Three perspectives on Linux power management

The power management infrastructure in Linux is quite complex, but hopefully not intractably so. To get a handle on this complexity it is helpful to view it from three different perspectives. The first perspective highlights the different holistic states of the system which roughly divide into "in use", "not in use", and "indefinitely not in use", corresponding to "run time power management", "suspend" and "hibernate". One of the distinctions between these is the size of the power switch. The first uses lots of little power switches at different times, while the last turns off everything all at once (except maybe a real-time clock or similar).

The second of these states is somewhat harder to define. It covers a range of states which are not easy to clearly differentiate. At one end of the spectrum we have the traditional "suspend" mode of a laptop, which is almost like hibernation but uses a little more power and is a little quicker to get into and out of. Once the laptop has entered suspend it really must stay there using minimal power until it is explicitly wakened, as it might have been placed in a padded case for transport and any increase in power usage could result in over-heating and damage. This state is often entered with help from BIOS firmware so, to the OS, it is a bit like a single power switch which transitions from "on" to "suspend".

At the other end of the spectrum is the way that "suspend" is used in the Android mobile platform and similar devices. These devices are expected to wake up spontaneously for various reasons, whether due to an incoming phone call, a reminder alarm, or just a periodic check for new email or software updates. Management of power and temperature is generally better than notebooks so the risk of over-heating is not present. There is normally little or no firmware and the entire power-management transition is handled by the OS, so it is responsible for turning off each individual device in the correct order, and then restoring them again later.

Between these extremes of a light hibernation and a heavy snooze there is room for other possibilities. A server might use a BIOS-based suspend to save power after arranging for wake-ups via wake-on-LAN or a realtime clock alarm. This can be seen as a deeper sleep than an Android phone normally enters, but not as deep as the laptop in its padded case. The "suspend" mode in Linux attempts to cater to all of these and that flexibility leads to some of the complexity.

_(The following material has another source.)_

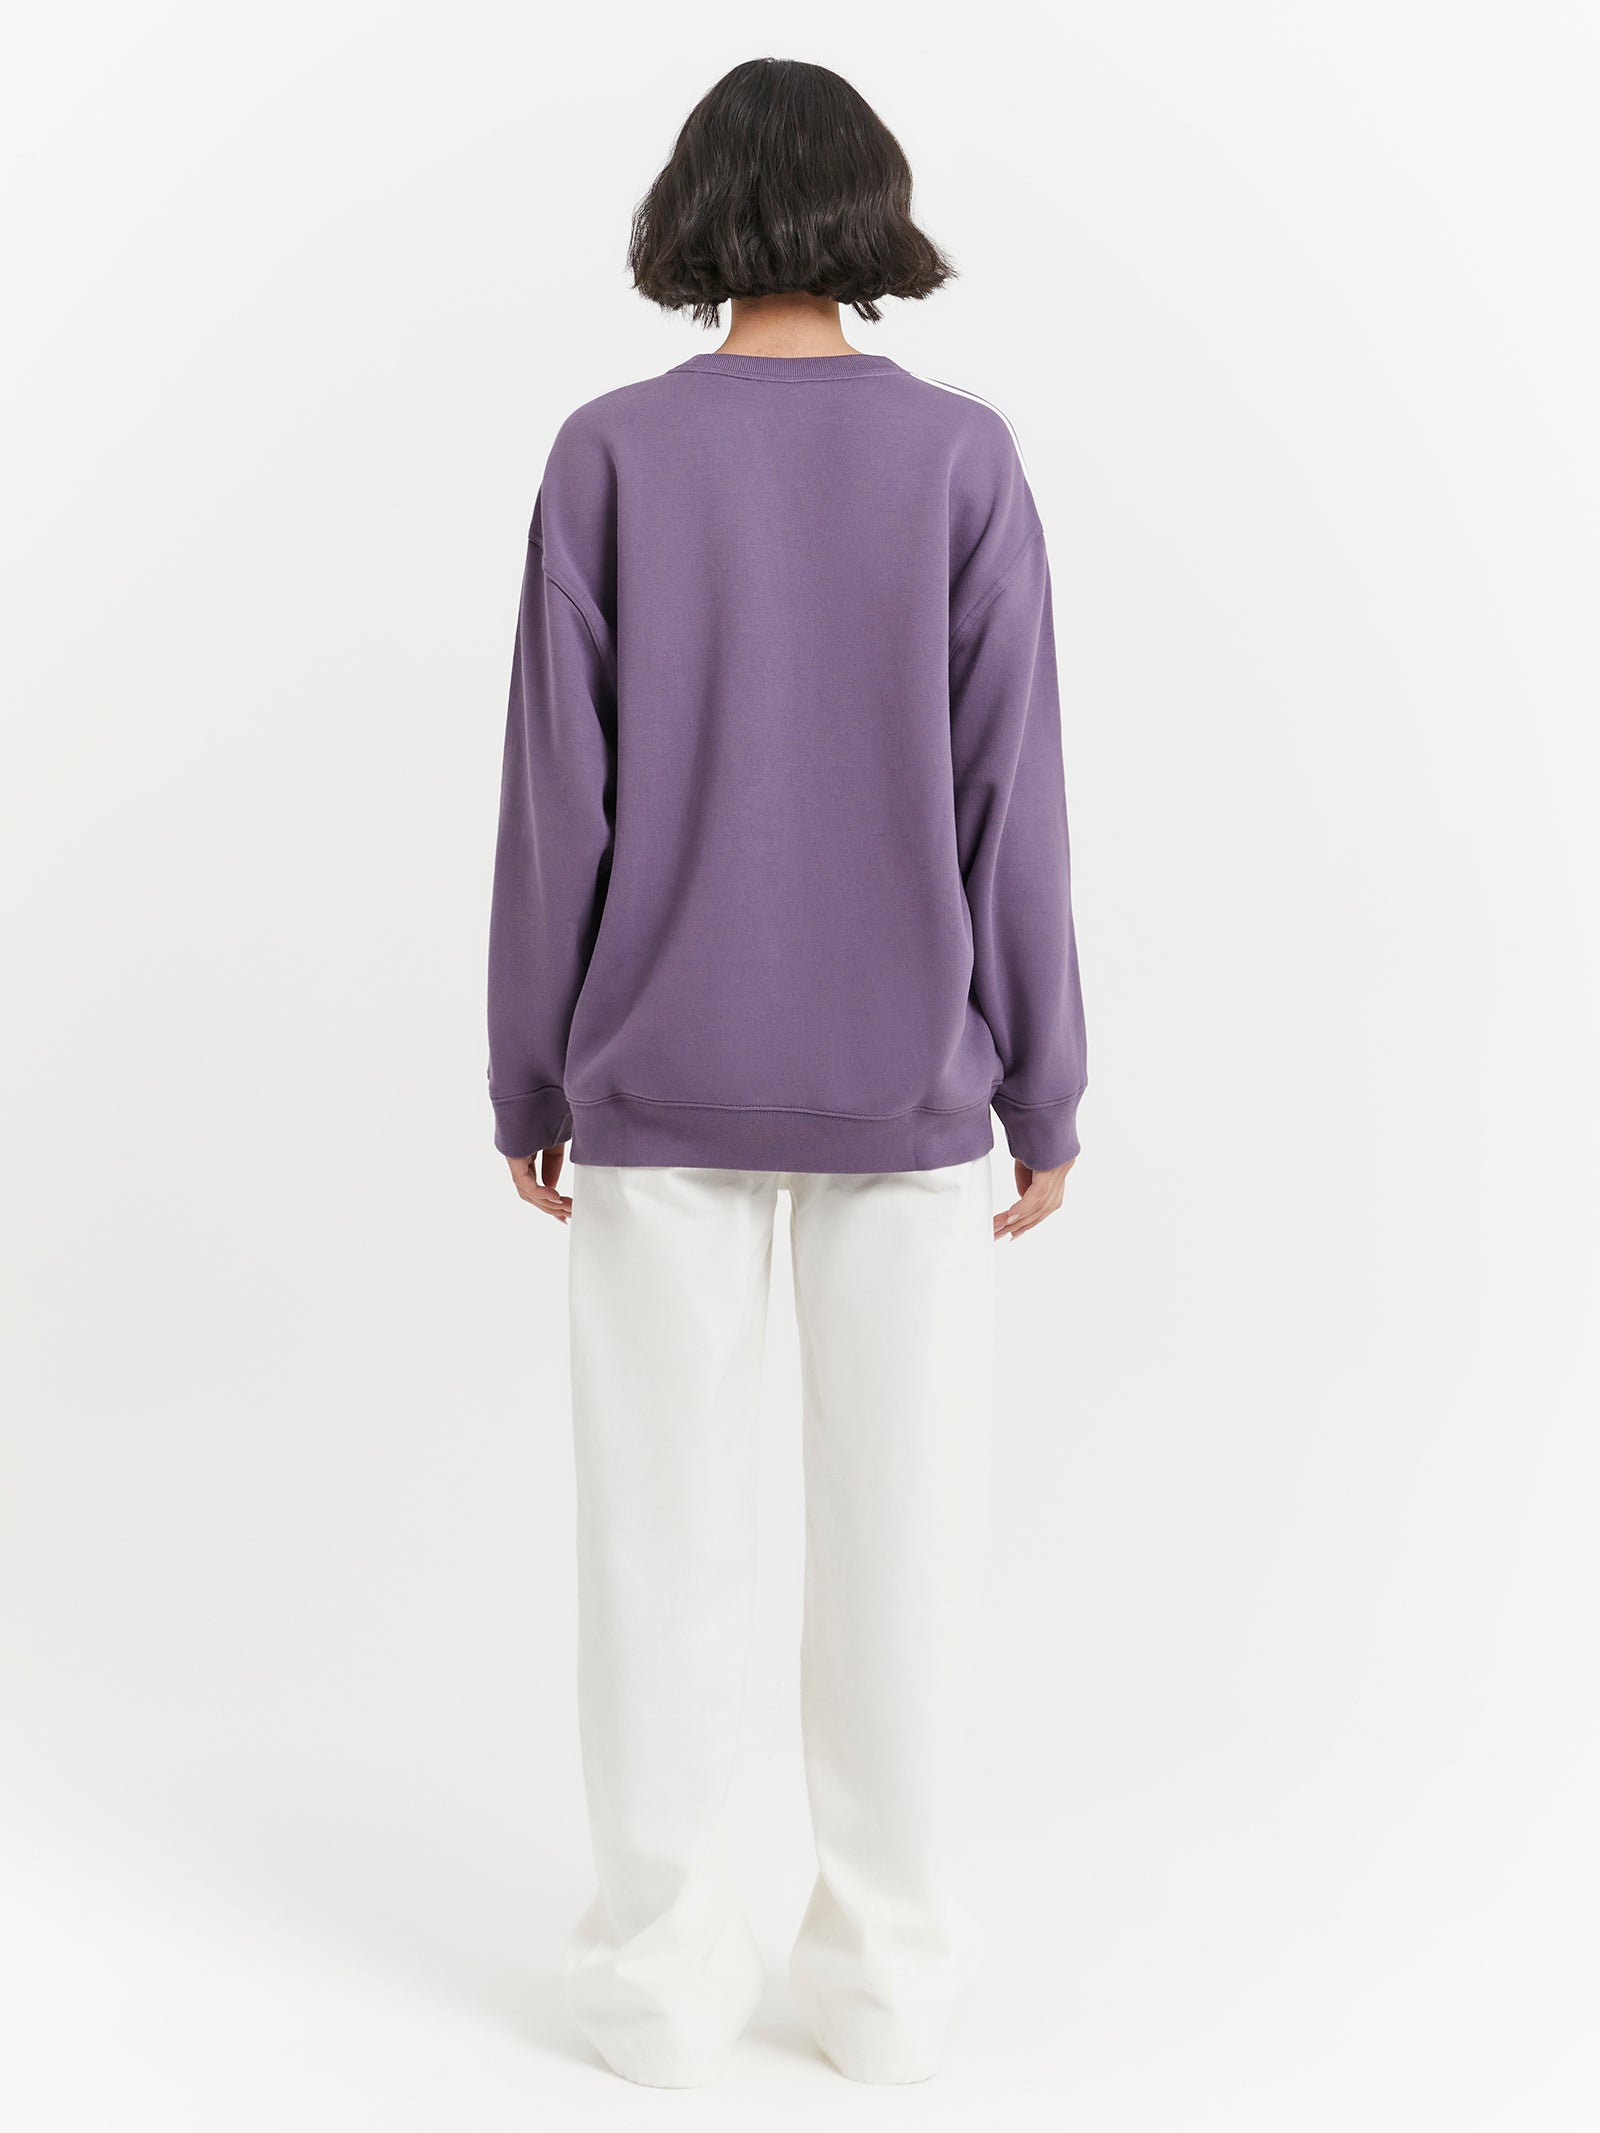 Essentials Oversized Sweatshirt in Shadow Violet

The second perspective highlights the broad variety in components that need to be managed. Some, like rotating disk drives, have a high cost in power and time for turning off and on again, while others like an LED have essentially no cost. Some, such as a UART, need to either be off or sufficiently on to be able to accept full-rate data at any moment. Others, such as USB, can enter intermediate states where they can receive external signaling, but are free to take some time to fully wake up.

Other sources of variability include the level of independence from other devices, the degree of involvement of user-space in management of the device, and how power is routed - whether through the same bus that commands and data flow, or through some separate regulator or "power domain". These are just some of the ways that devices can vary and thus some of the issues that Linux power management needs to be prepared for.

The final perspective highlights the different stages on the way towards a low-power state, and on the way back to full functionality. The key elements of the low-power transition are to move all relevant components to a quiescent state, to record that state, then to stop powering some or all of the components; similar elements apply on the way back up. The details of managing all the aforementioned complexity through this simple transition means that we have quite a few stages as we will shortly see.

Two Understandings

Part of understanding the solution to managing this complexity is understanding the balance that has been chosen between a "mid-layer" solution and a "library" solution. That is, how much responsibility for correct behavior and sequencing is taken by the core code and imposed on the drivers, and how much of the responsibility is left in the hands of the drivers. Centralizing responsibility tends to be safe but inflexible, while distributing it is risky but versatile. Linux power management takes a middle road, so it is important to understand where each responsibility lies.

The main imposition made by the PM core is the over-all sequencing of suspend and resume. Allowing individual drivers to take a more active role in this process would probably require a general dependency solver and would undoubtedly make debugging a lot harder. In contrast, choices that are local to a specific device, such as timeouts before power management activates, or the use of a separate thread for performing power management actions are actively supported by the core without being imposed on drivers that don't want them.

One other imposition, which will be raised again later, involves interaction with interrupts. The PM core strongly encourages a specific sequencing, but does provide hooks for a driver to escape it if absolutely necessary.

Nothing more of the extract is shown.